2. Difficulty in accessing data.
Suppose that one of the bank officers needs to find out the names of all customers who live within a particular
postal-code area. The officer asks the data-processing department to generate such a list. Because the designers
of the original system did not anticipate this request, there is no application program on hand to meet it. The
bank officer has now two choices: either obtain the list of all customers and extract the needed information
manually or ask a system programmer to write the necessary application program. Both alternatives are
obviously unsatisfactory.
The conventional file-processing environments do not allow needed data to be retrieved in a convenient
and efficient manner. More responsive data-retrieval systems are required for general use.
3. Data isolation.
Because data are scattered in various files, and files may be in different formats, writing new application
programs to retrieve the appropriate data is difficult.
4. Integrity problems.
The data values stored in the database must satisfy certain types of consistency constraints. For example,
the balance of a bank account may never fall below a prescribed amount (say, $25). Developers enforce these
constraints in the system by adding appropriate code in the various application programs. However, when new
constraints are added, it is difficult to change the programs to enforce them.
5. Atomicity problems.
A computer system, like any other mechanical or electrical device, is subject to failure. In many applications,
it is crucial that, if a failure occurs, the data be restored to the consistent state that existed prior to the failure. It
is difficult to ensure atomicity in a conventional file-processing system.
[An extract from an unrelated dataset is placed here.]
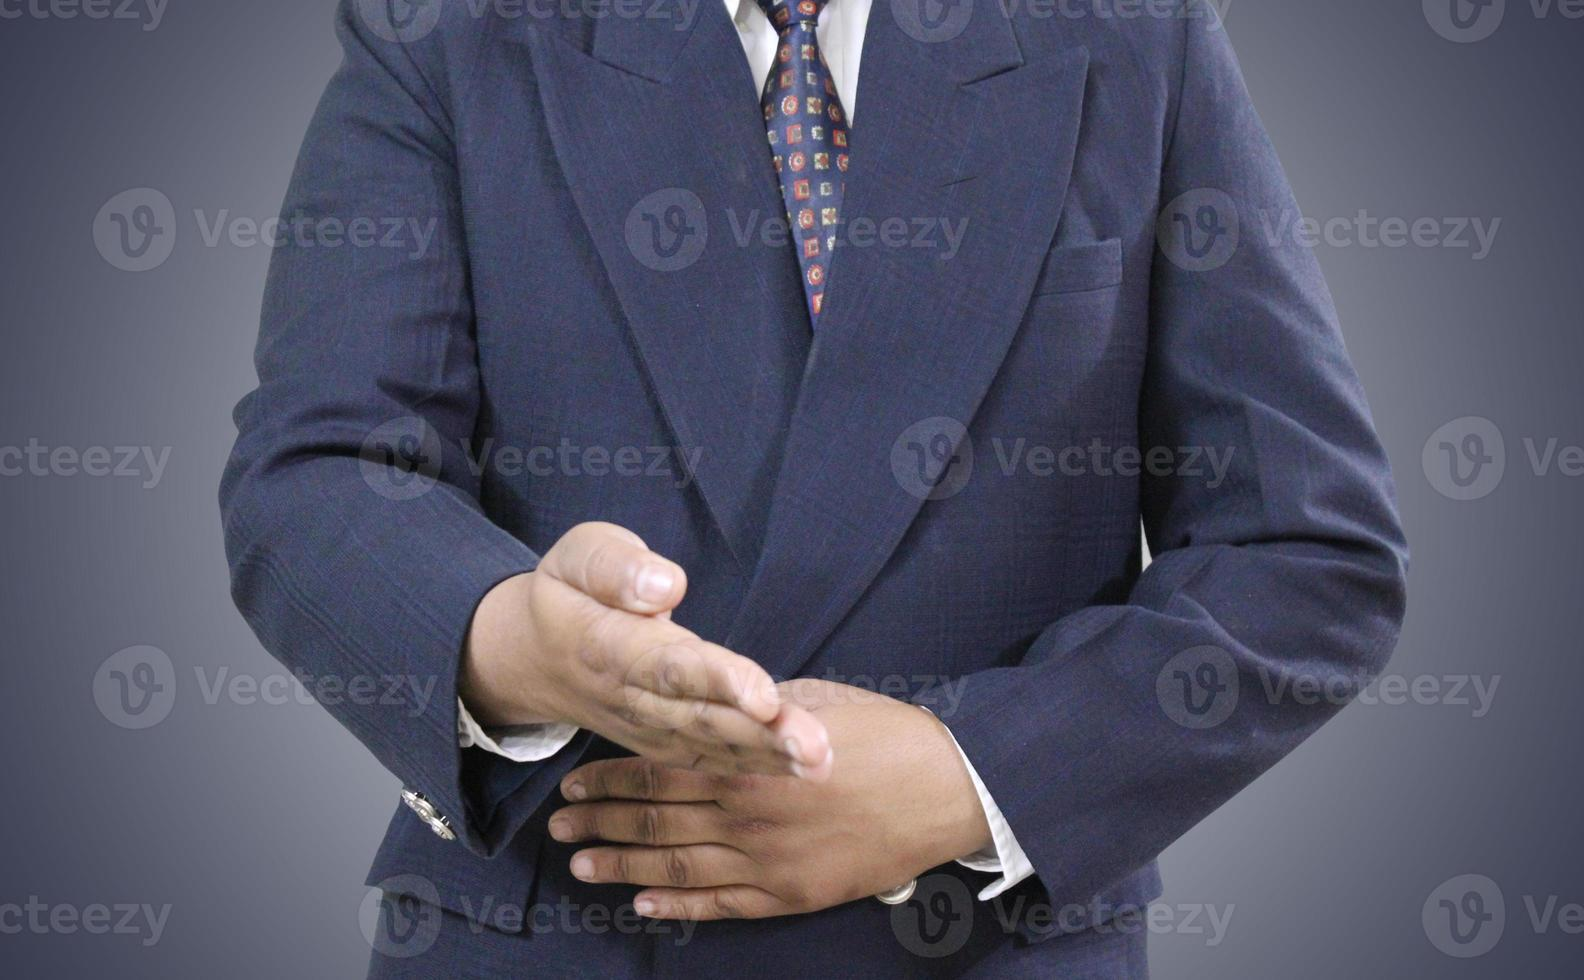 prêt à serrer la main. photo

6. Concurrent-access anomalies.
For the sake of overall performance of the system and faster response, many systems allow multiple users
to update the data simultaneously. In such an environment, interaction of concurrent updates may result in
inconsistent data.
7. Security problems.
Not every user of the database system should be able to access all the data. For example, in a banking system,
payroll personnel need to see only that part of the database that has information about the various bank
employees. They do not need access to information about customer accounts.
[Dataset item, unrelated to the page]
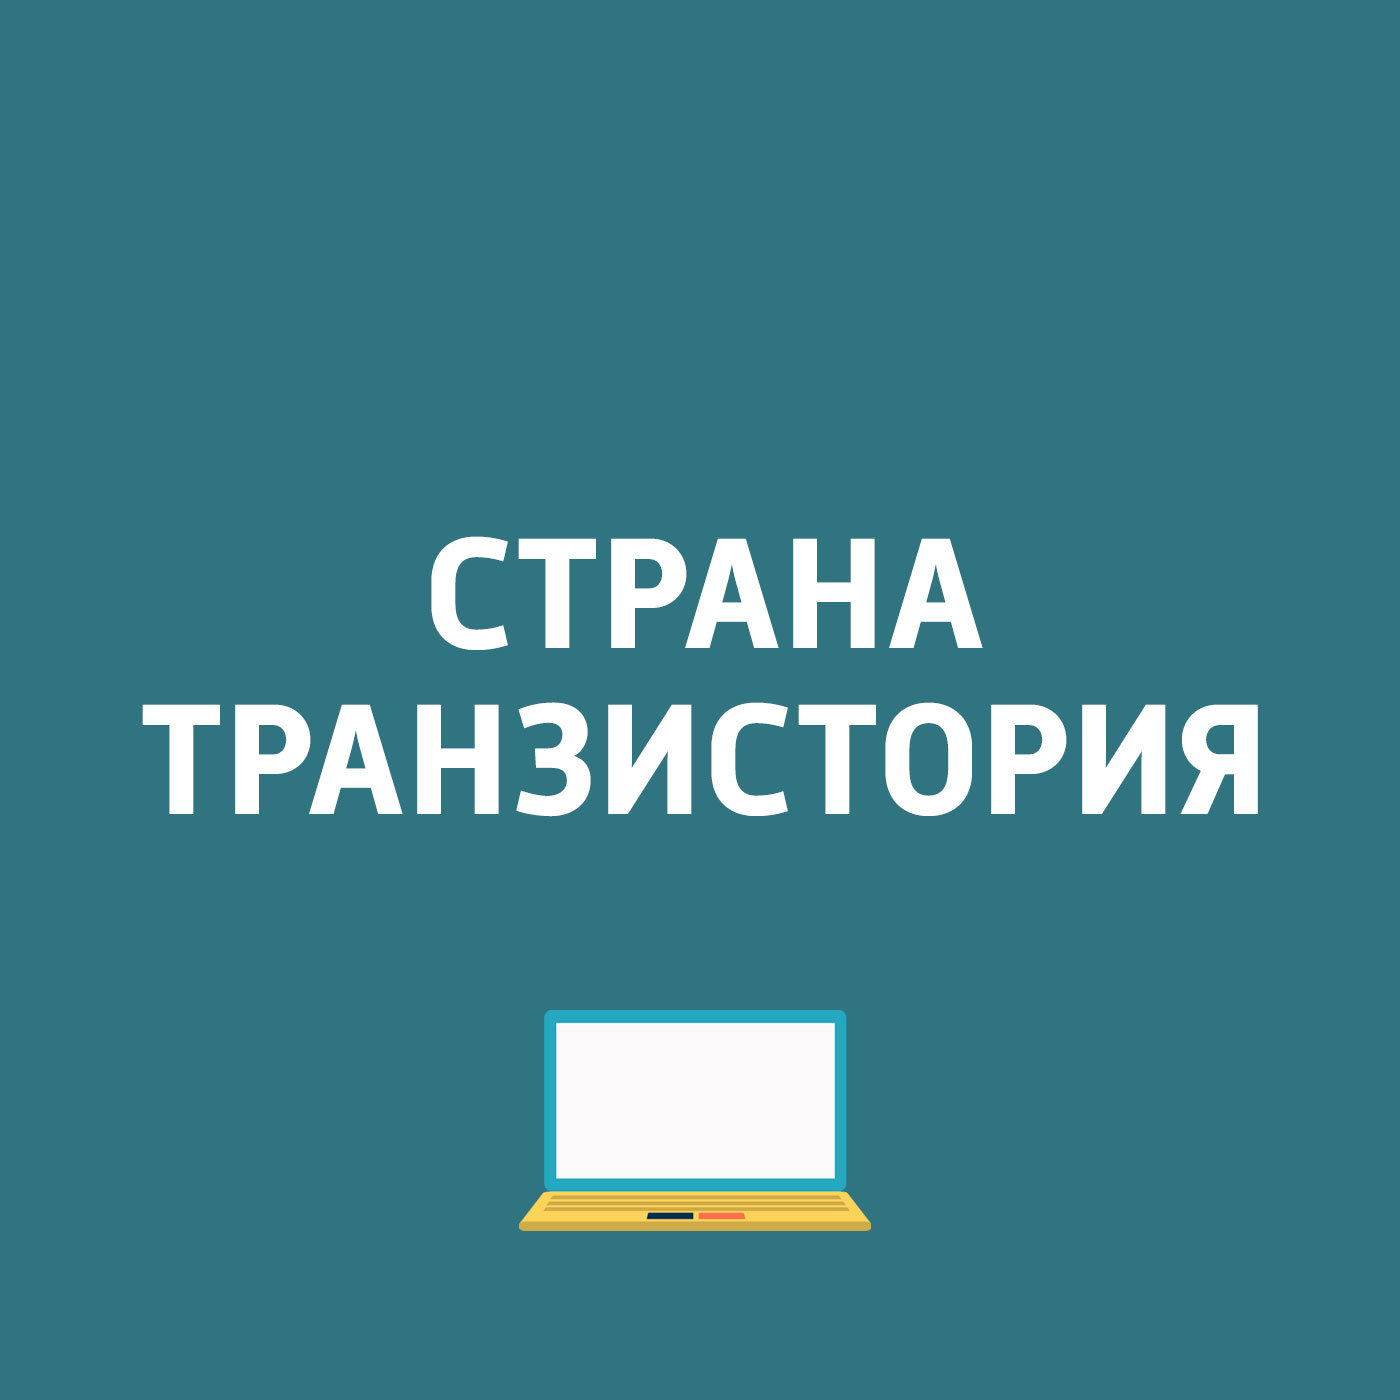 Картаев Павел Начало продаж Vivo V7 и Vivo V7+; Apple купила Shazam; «Тайный Санта «ВКонтакте; Обновление для для Quake Champions картаев павел archos объявила о старте продаж планшета 70c neon в россии

ADVANTAGES OF DATABASE SYSTEMS:


Database is a way to consolidate and control the operational data centrally. It is a better way to control the
operational data. The advantages of having a centralized control of data are:
1. To control Data Redundancy
In the Database approach, ideally each data item is stored in only one place in the database
However, in some case redundancy is still exists to improving system performance, but such redundancy is
controlled and kept to minimum.
2. Inconsistency can be avoided:
When the same data is duplicated and changes are made at one side which is not propagated to the other
site, it gives rise to inconsistency. Then the two entries regarding the same data will not agree. So if the
redundancy is removed chances of having inconsistent data is also removed.
3. Data Sharing
The integration of the whole data in an organization leads to the ability to produce more information from
a given amount of data
4. Enforcing Integrity Constraints
DBMSs should provide capabilities to define and enforce certain constraints such as data type, data
uniqueness.
5. Restricting Unauthorised Access
Not all users of the system have the same accessing privileges.
DBMSs should provide a security subsystem to create and control the user accounts.
6. Data Independence
The system data descriptions are separated from the application programs. Changes to the data structure is
handled by the DBMS and not embedded in the program.
7. Transaction Processing
The DBMS must include concurrency control subsystem to ensure that several users trying to update the
same data do so in a controlled manner so that the result of the updates is correct.
8. Providing multiple views of data
A view may be a subset of the database. Various users may have different views of the database itself. Users
may not need to be aware of how and where the data they refer to is stored .
9. Providing backup and recovery facilities
If the computer system fails in the middle of a complex update program, the recovery subsystem is
responsible for making sure that the database is restored to the stage it was in before the program started
executing.

DISADVANTAGES OF DBMS:
Complexity: A DBMS fulfil lots of requirement and it solves many problems related to database. But all these
functionality has made DBMS extremely complex software. Developer, designer, DBA and End user of
database must have complete skills if they want to use it properly. If they don’t understand this complex system
then it may cause loss of data or database failure.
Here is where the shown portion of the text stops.